### PROBLEM TO WORK ON:
From the listing that follows, output everything exactly except the pictures.

### PROVIDED MATERIAL:
○ ○ ○
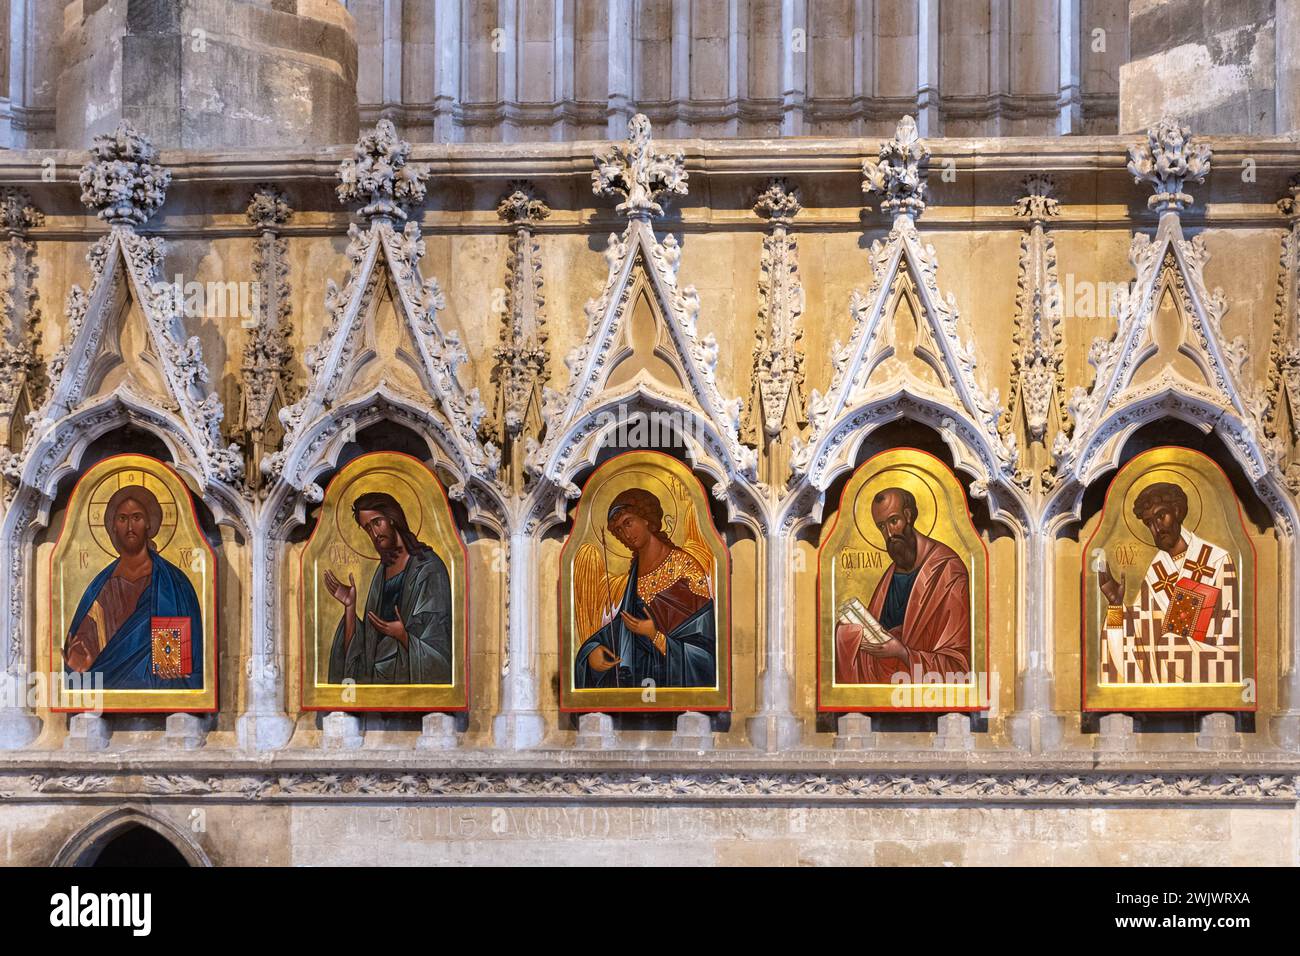 Le icone nel retro-Coro della Cattedrale di Winchester, Hampshire, Inghilterra, Regno Unito, icone della fine del XX secolo di Sergei Fyodorov, tra cui Saint Swithun Foto Stock
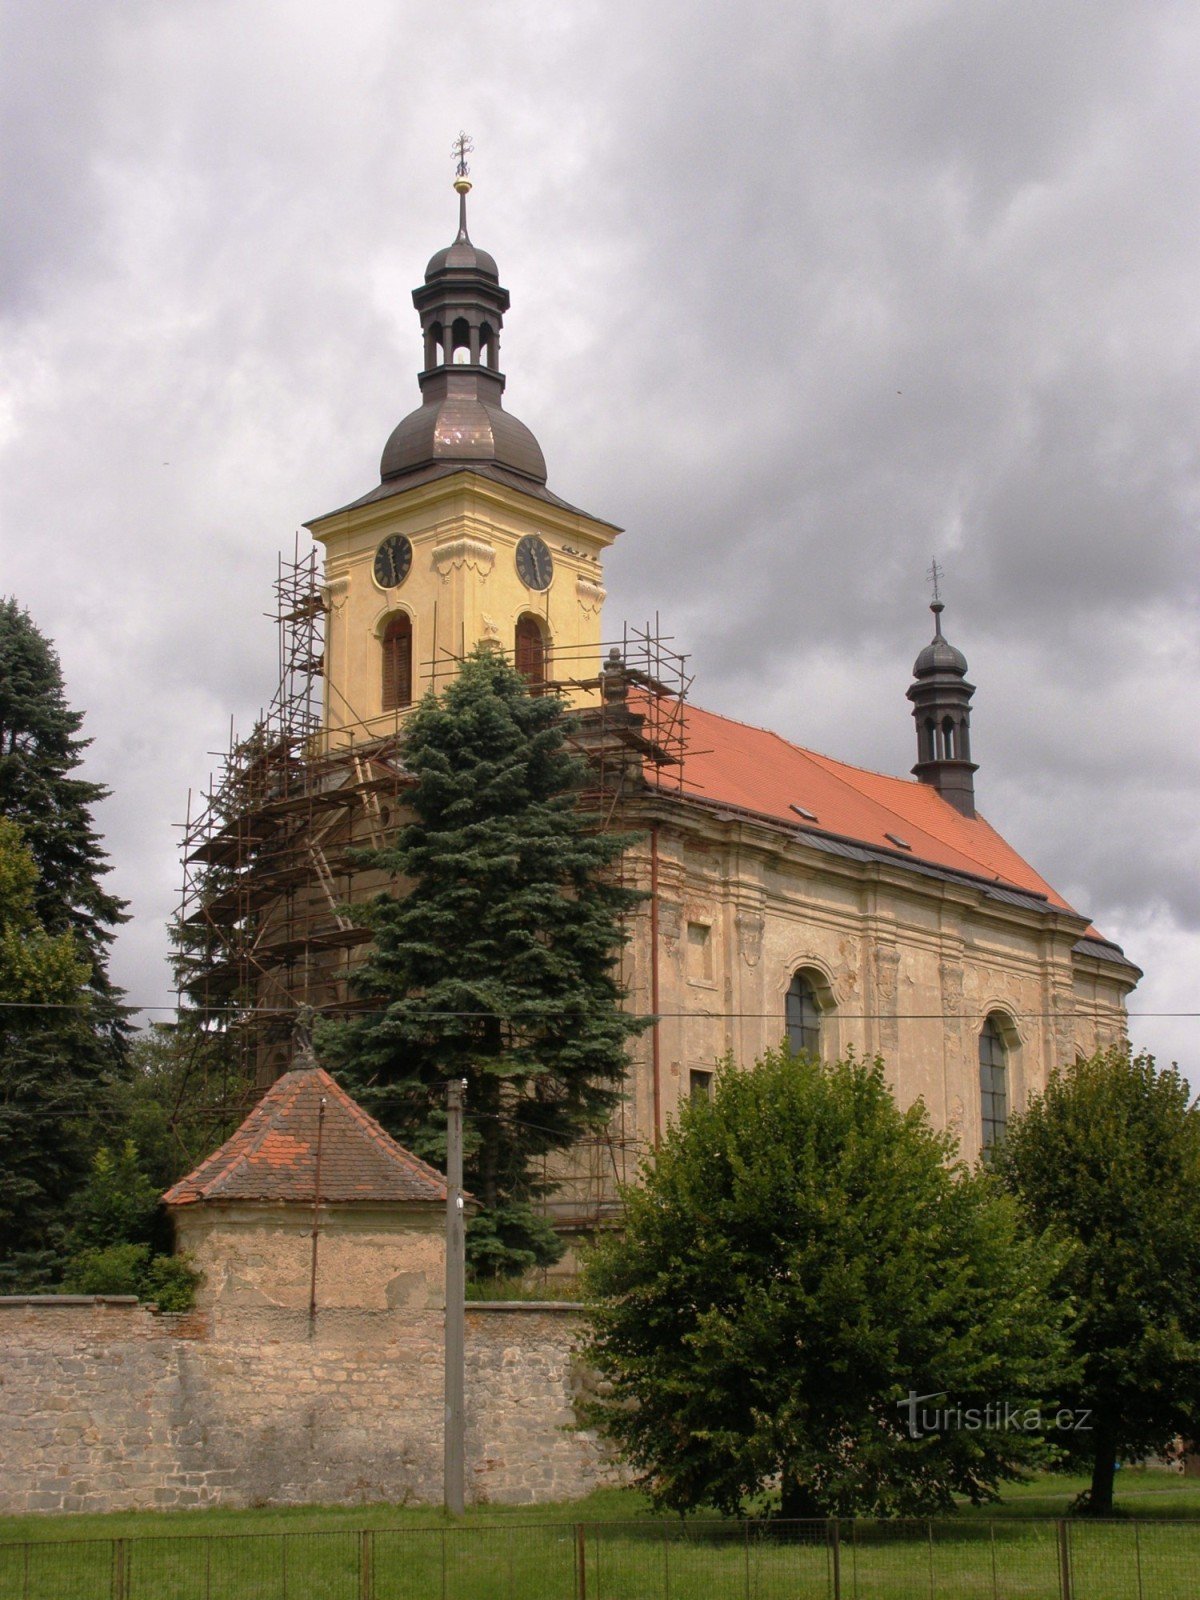 Veliš - kostel sv. Václava
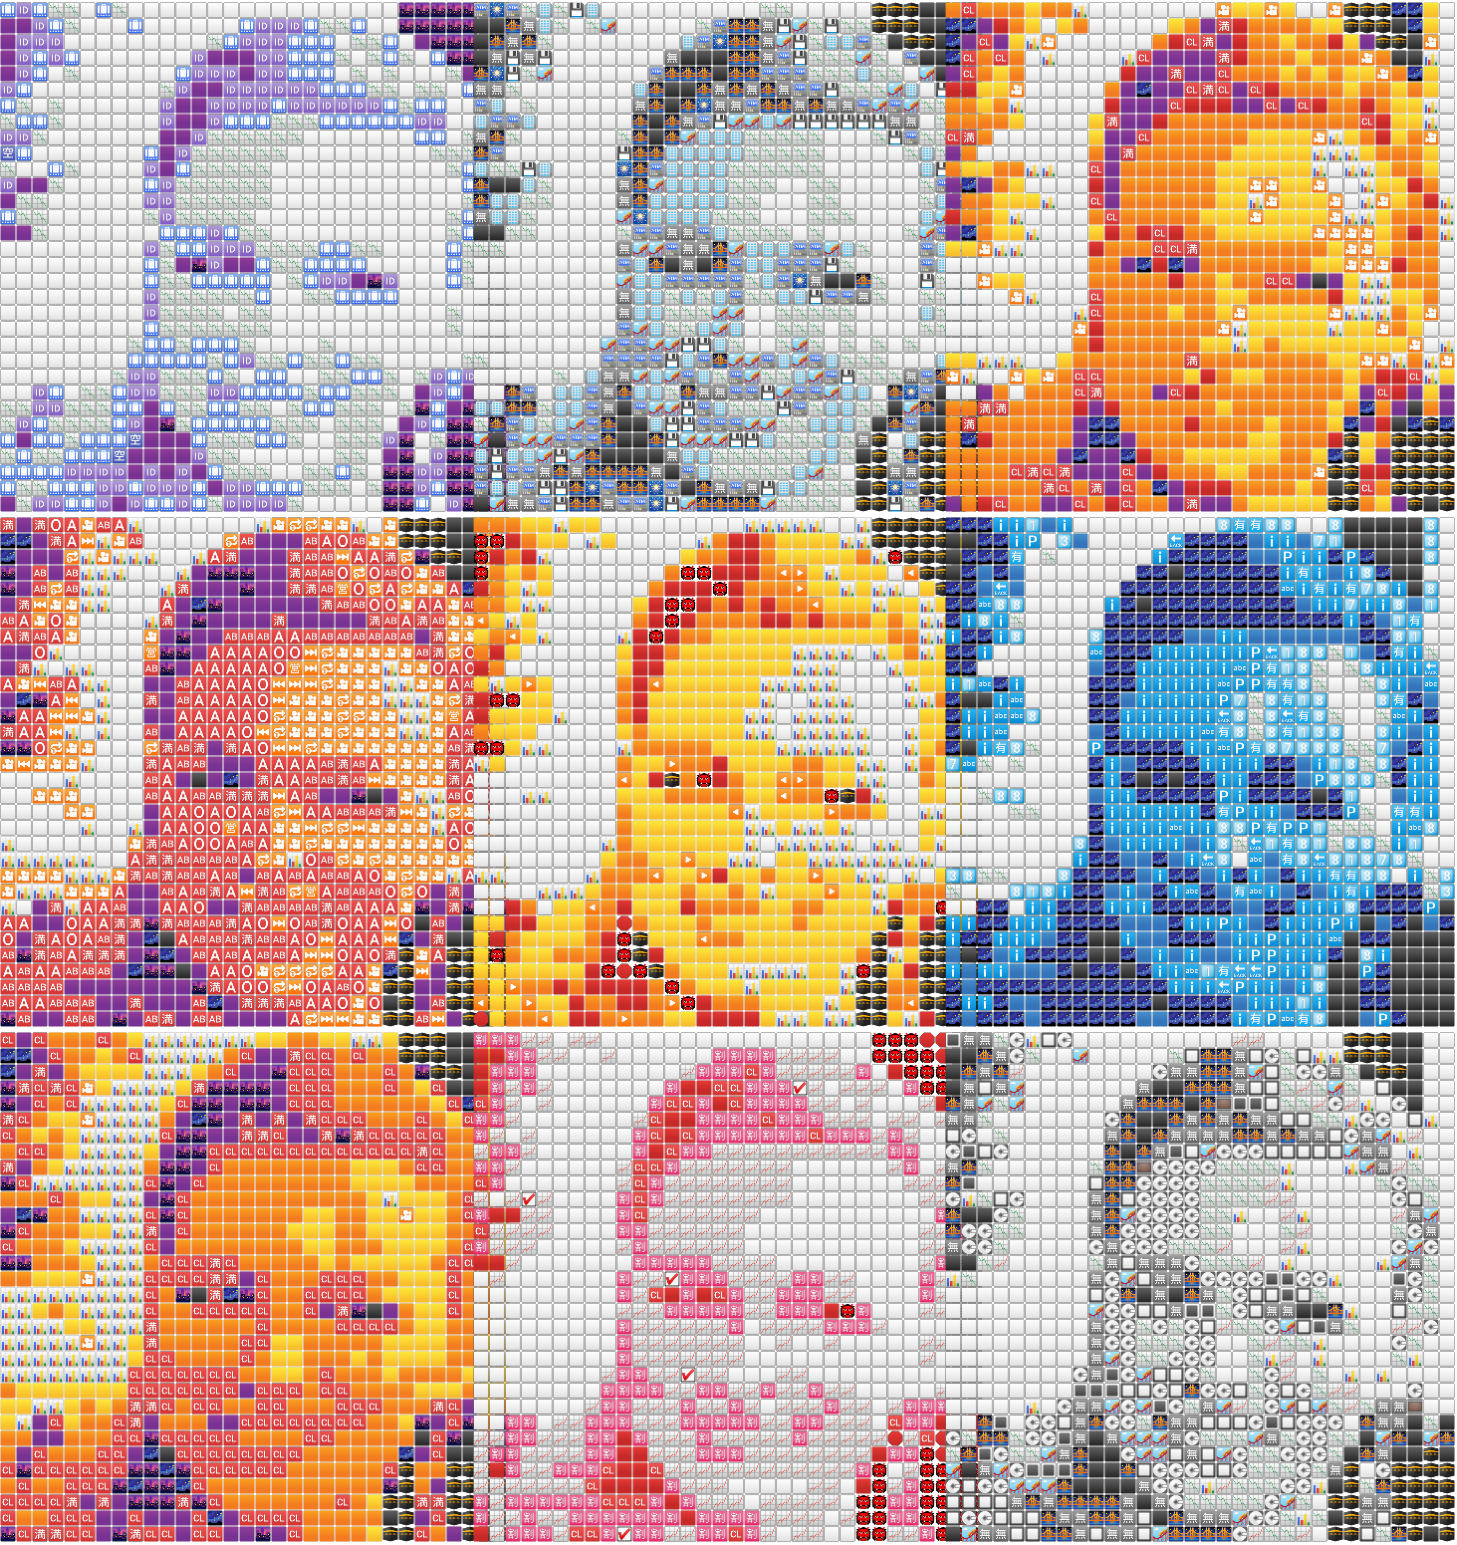 “Emoji Mosaic 3x3_grid”
○ ○ ○
### SOLUTION FOR THIS EXERCISE:
 Le icone nel retro-Coro della Cattedrale di Winchester, Hampshire, Inghilterra, Regno Unito, icone della fine del XX secolo di Sergei Fyodorov, tra cui Saint Swithun Foto Stock
 Veliš - kostel sv. Václava
 “Emoji Mosaic 3x3_grid”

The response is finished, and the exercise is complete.